= Provided data =

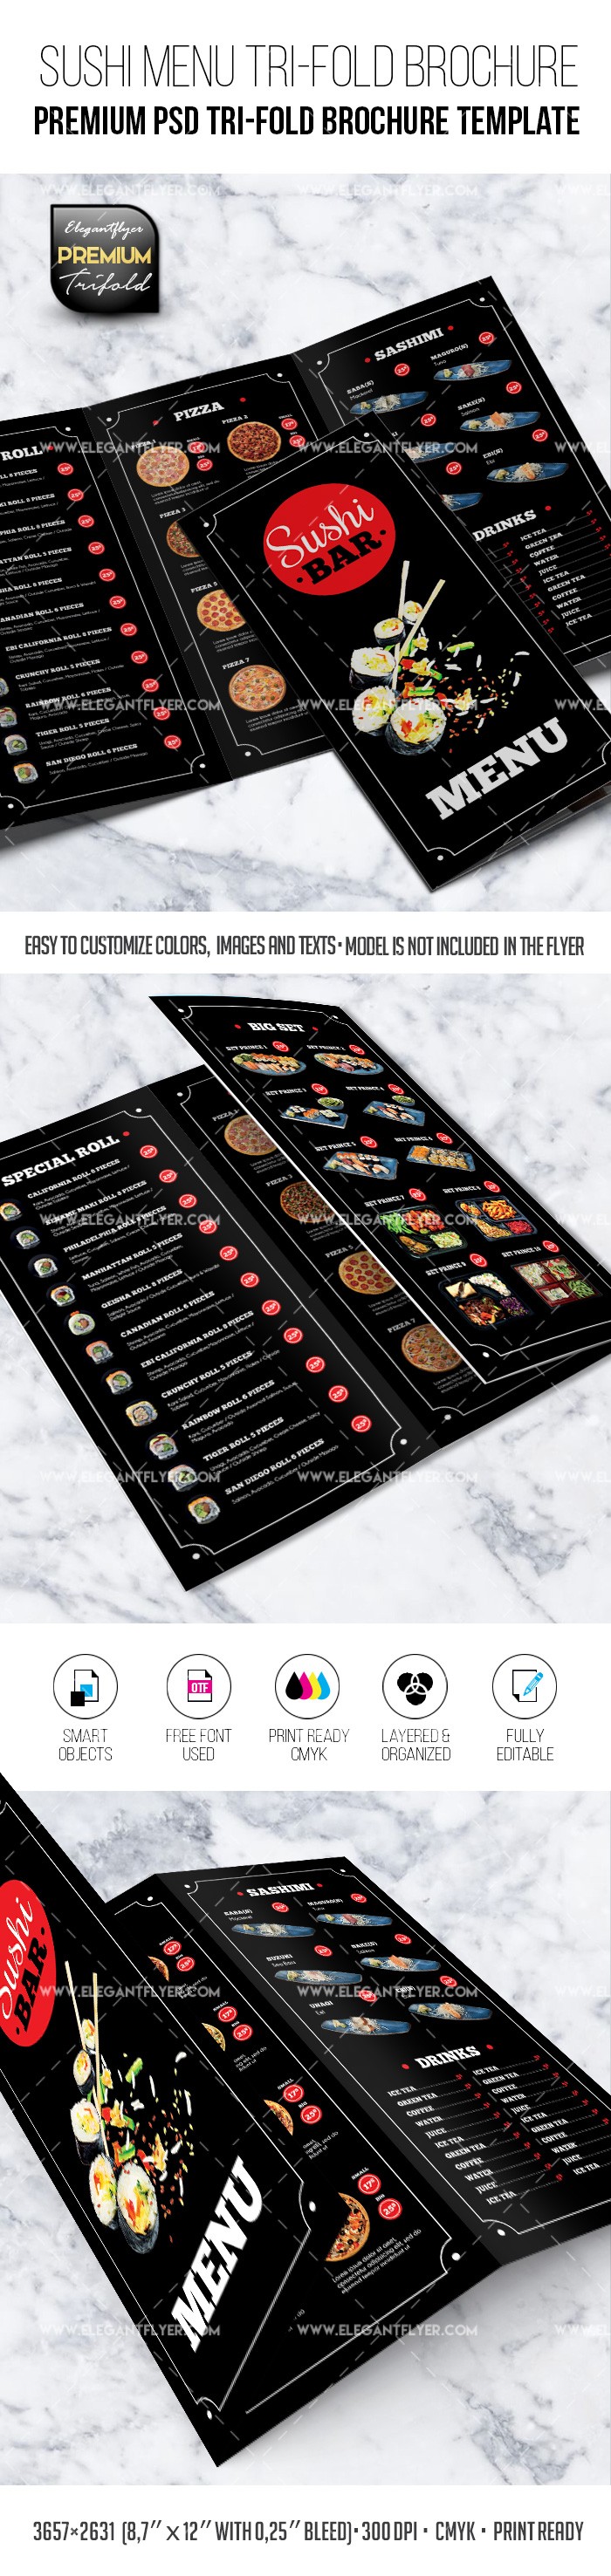 Menu do restaurante de sushi - Modelo de folheto em PSD premium em formato de três dobras. by ElegantFlyer
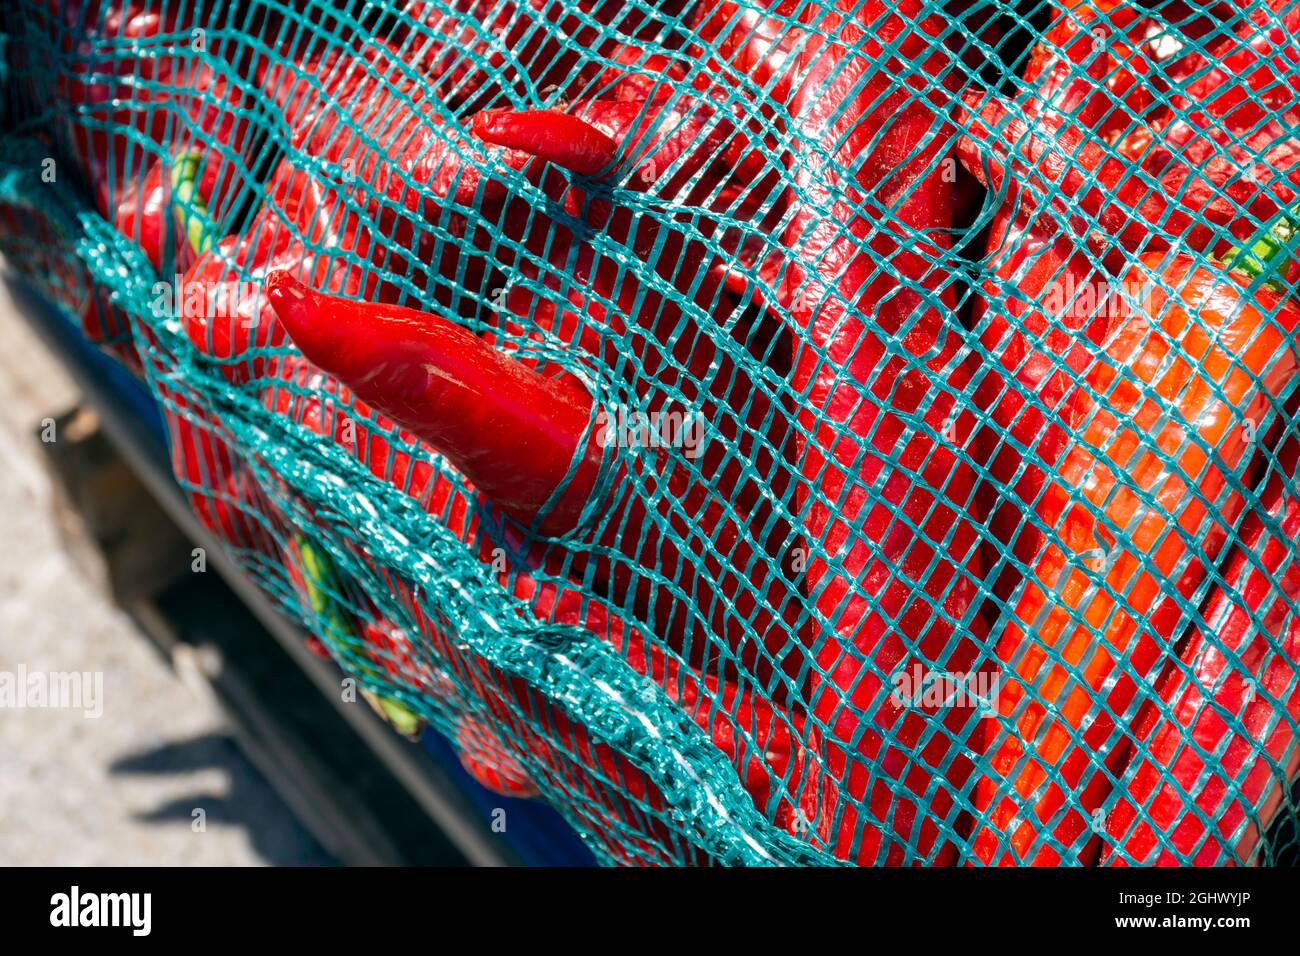 Résumé alimentaire des piments rouges chauds dans un sac en maille turquoise vu sur le marché. Banque D'Images
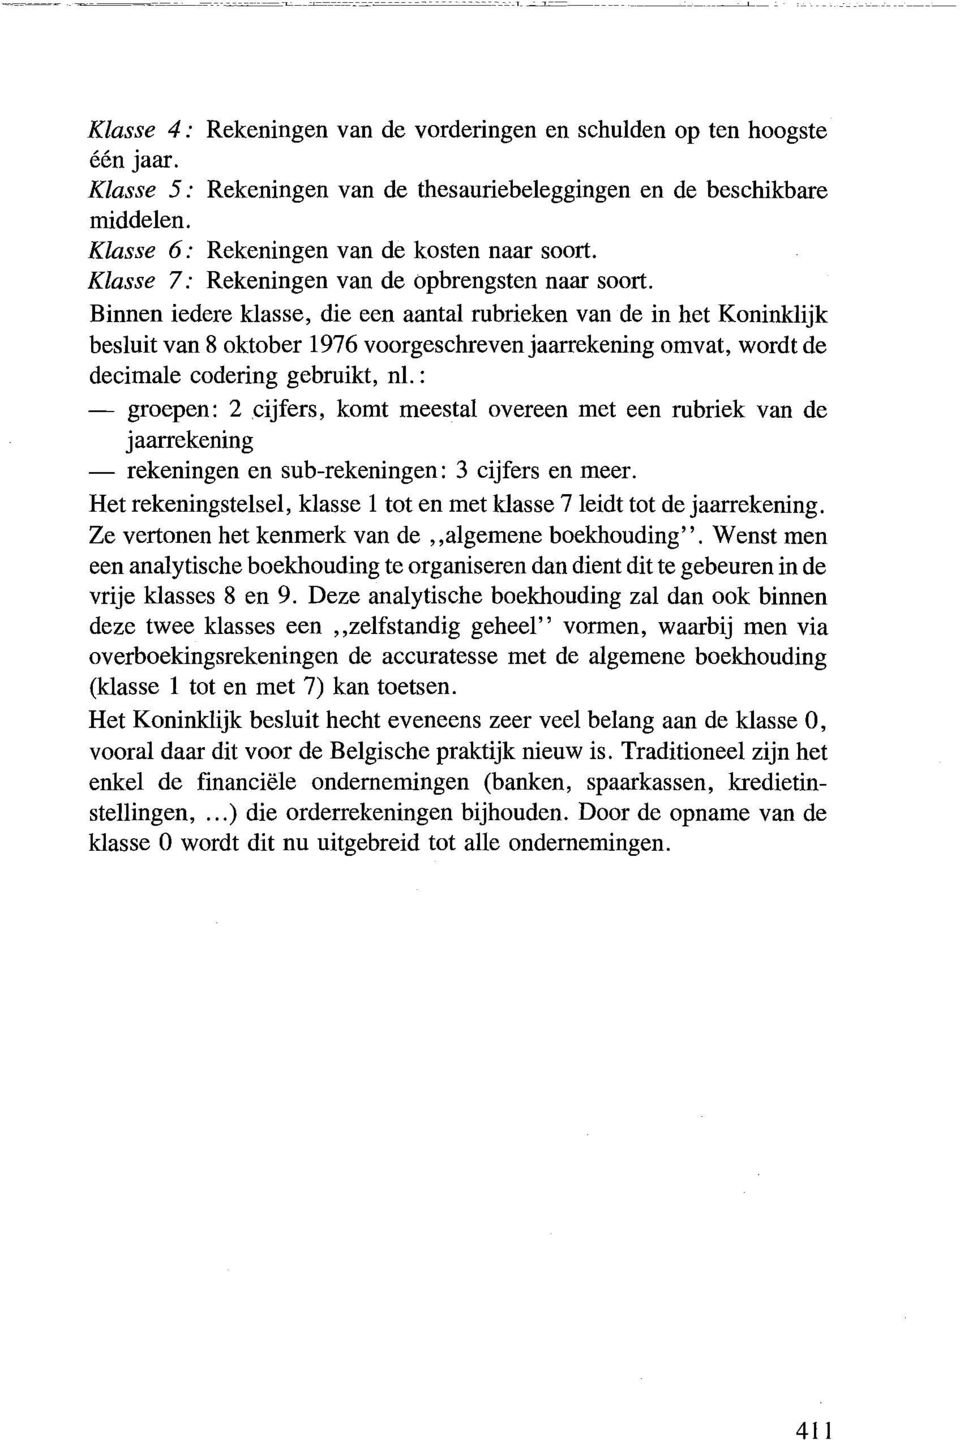 Binnen iedere klasse, die een aantal rubrieken van de in het Koninklijk besluit van 8 oktober 1976 voorgeschrevenjaarrekening omvat, wordt de decimale codering gebruikt, nl.

= Exercise =
The copy has to start at the line that contains "Résumé alimentaire des" and end at the last line of the material above, matching the original exactly and holding no pictures.

= Task answer =
 Résumé alimentaire des piments rouges chauds dans un sac en maille turquoise vu sur le marché. Banque D'Images
 Binnen iedere klasse, die een aantal rubrieken van de in het Koninklijk besluit van 8 oktober 1976 voorgeschrevenjaarrekening omvat, wordt de decimale codering gebruikt, nl.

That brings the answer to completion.